** YOUR TASK **
Skip all pictures; return exactly the lines from the one containing "España en el" through the end of the data.

═══ COLLECTED DATA

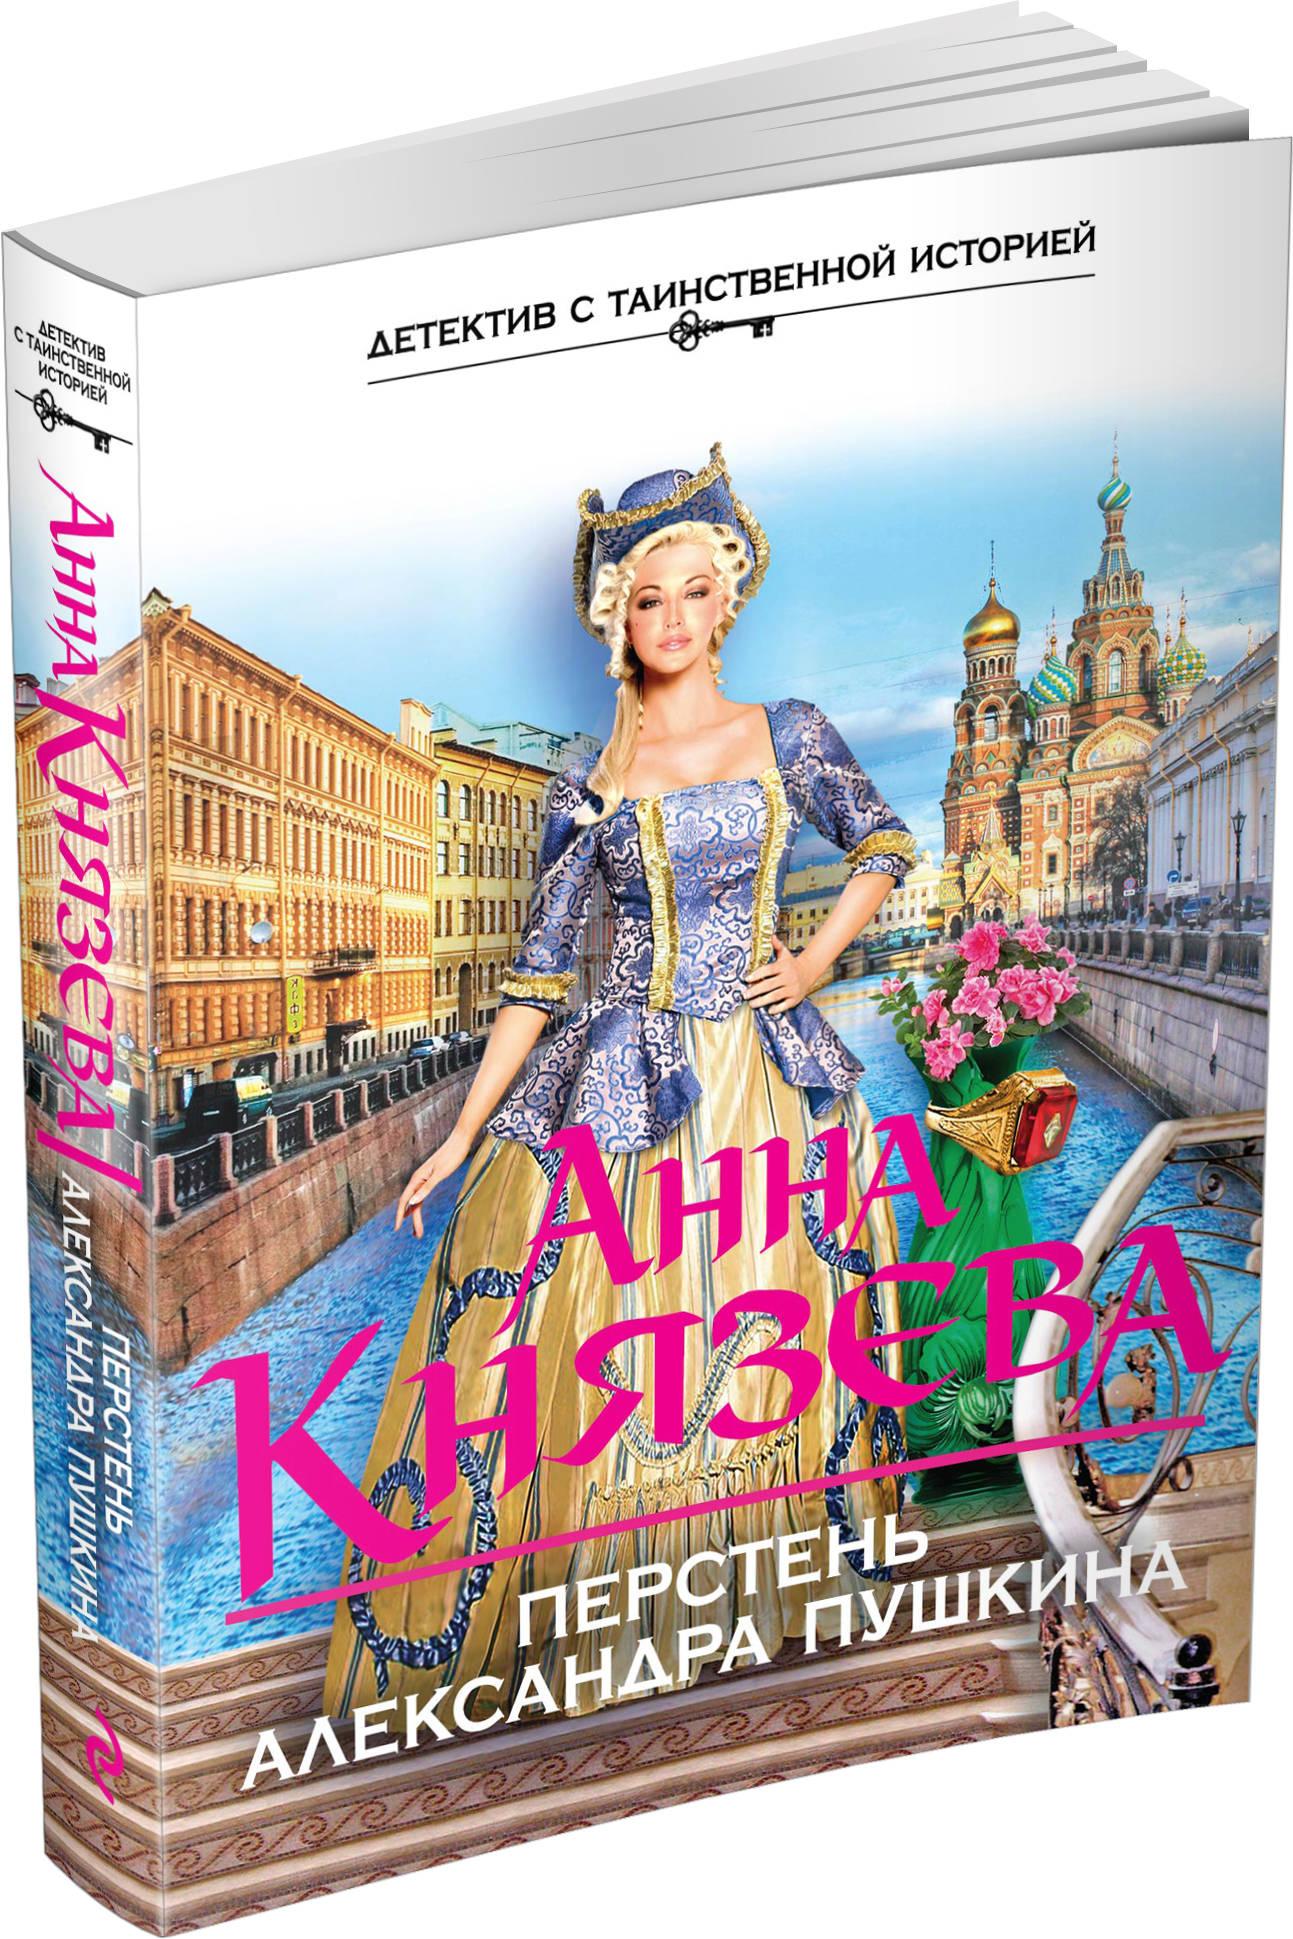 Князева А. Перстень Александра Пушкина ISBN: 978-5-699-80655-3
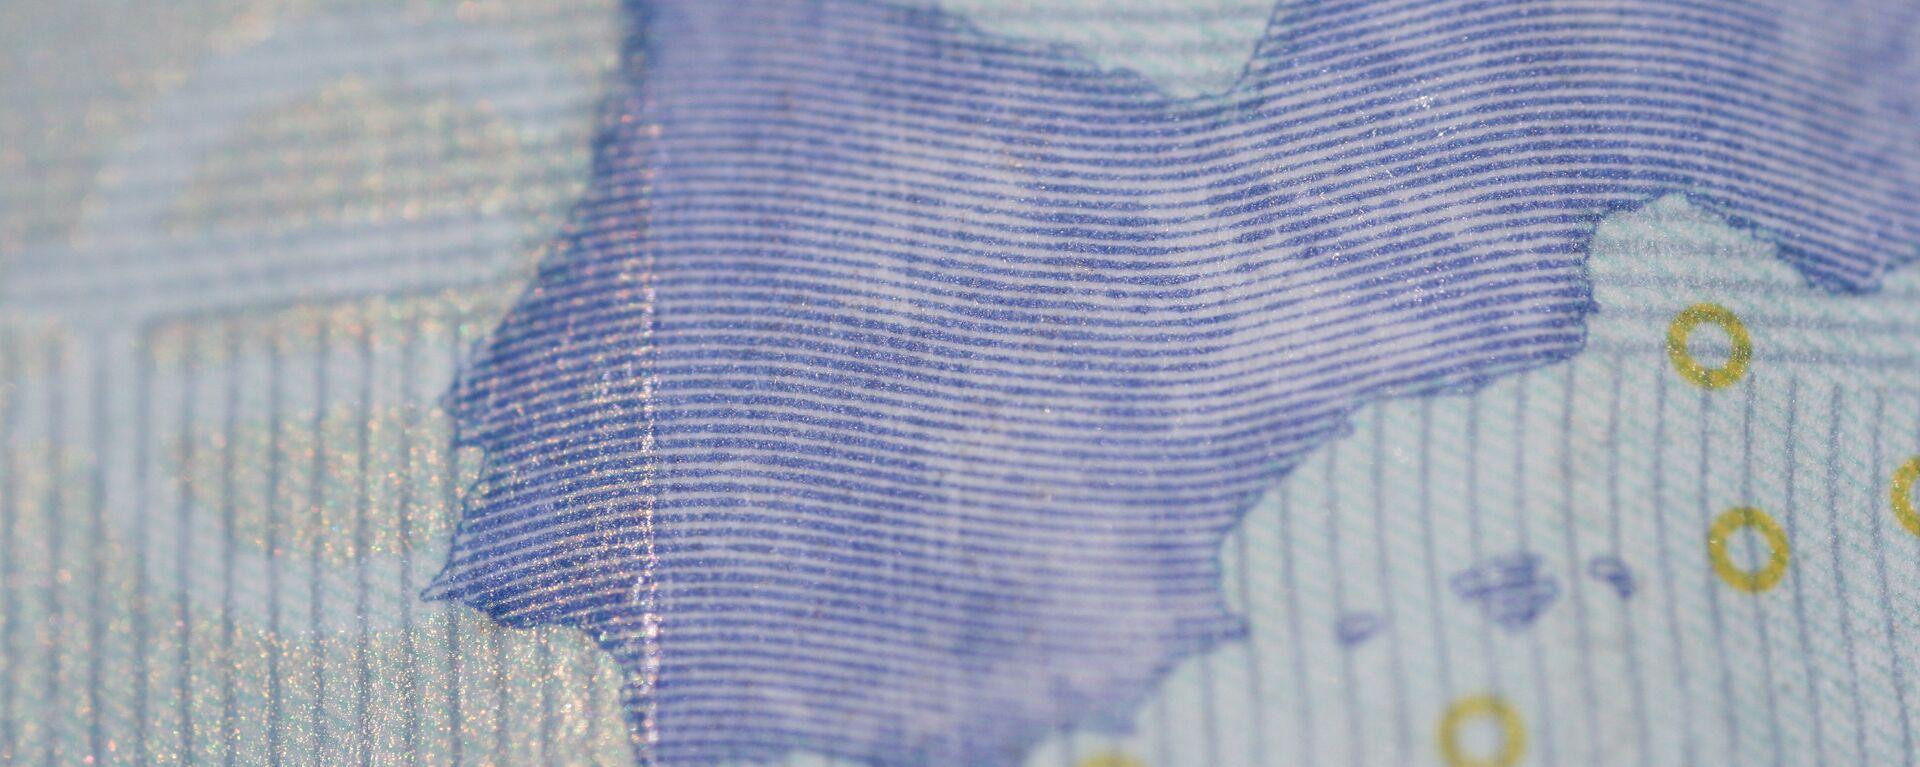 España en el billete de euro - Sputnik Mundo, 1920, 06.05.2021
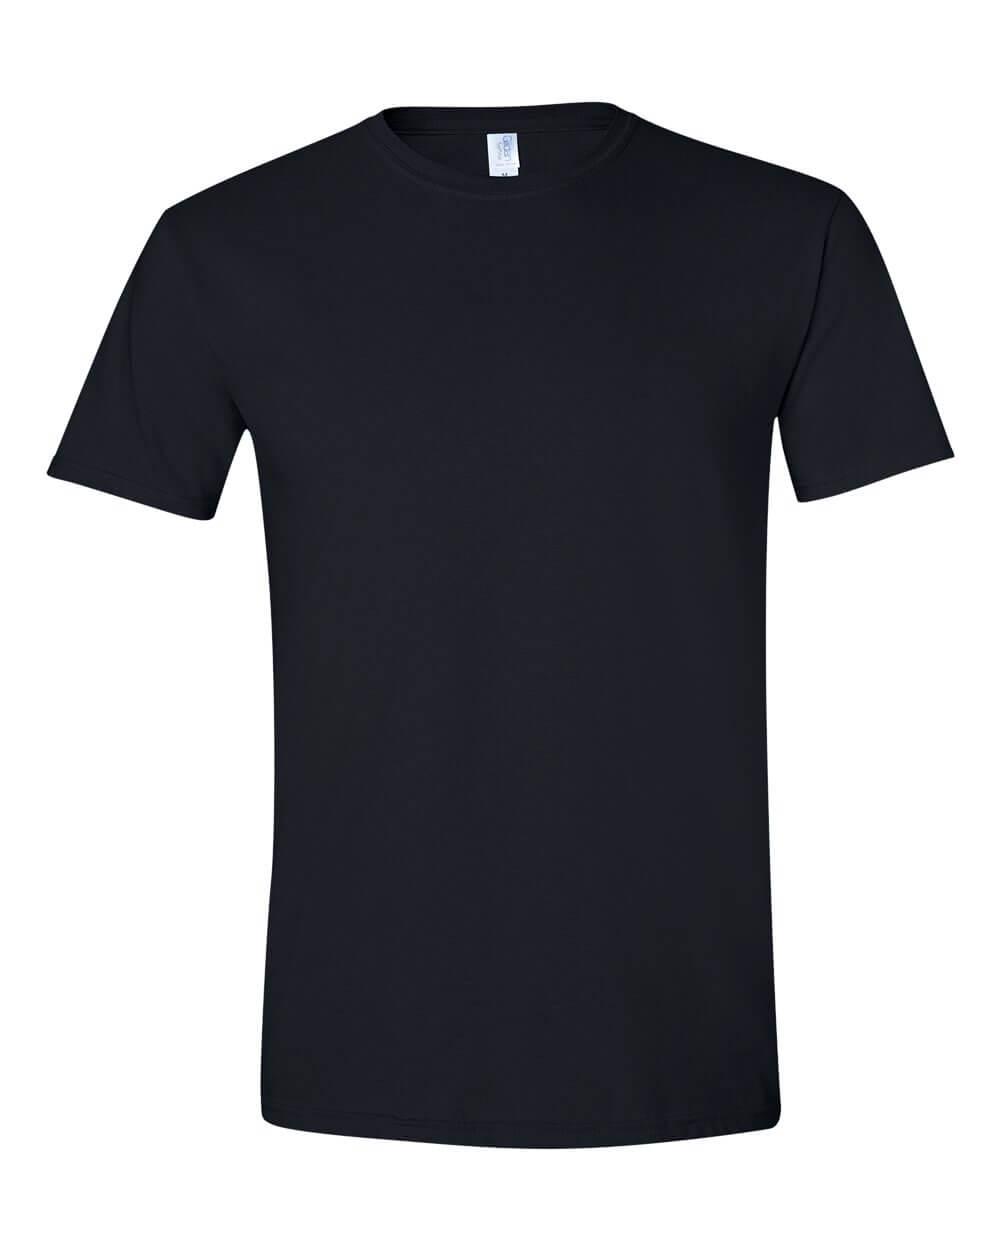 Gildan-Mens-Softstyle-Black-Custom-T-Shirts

══════

** YOUR SOLUTION **
 España en el billete de euro - Sputnik Mundo, 1920, 06.05.2021
 Gildan-Mens-Softstyle-Black-Custom-T-Shirts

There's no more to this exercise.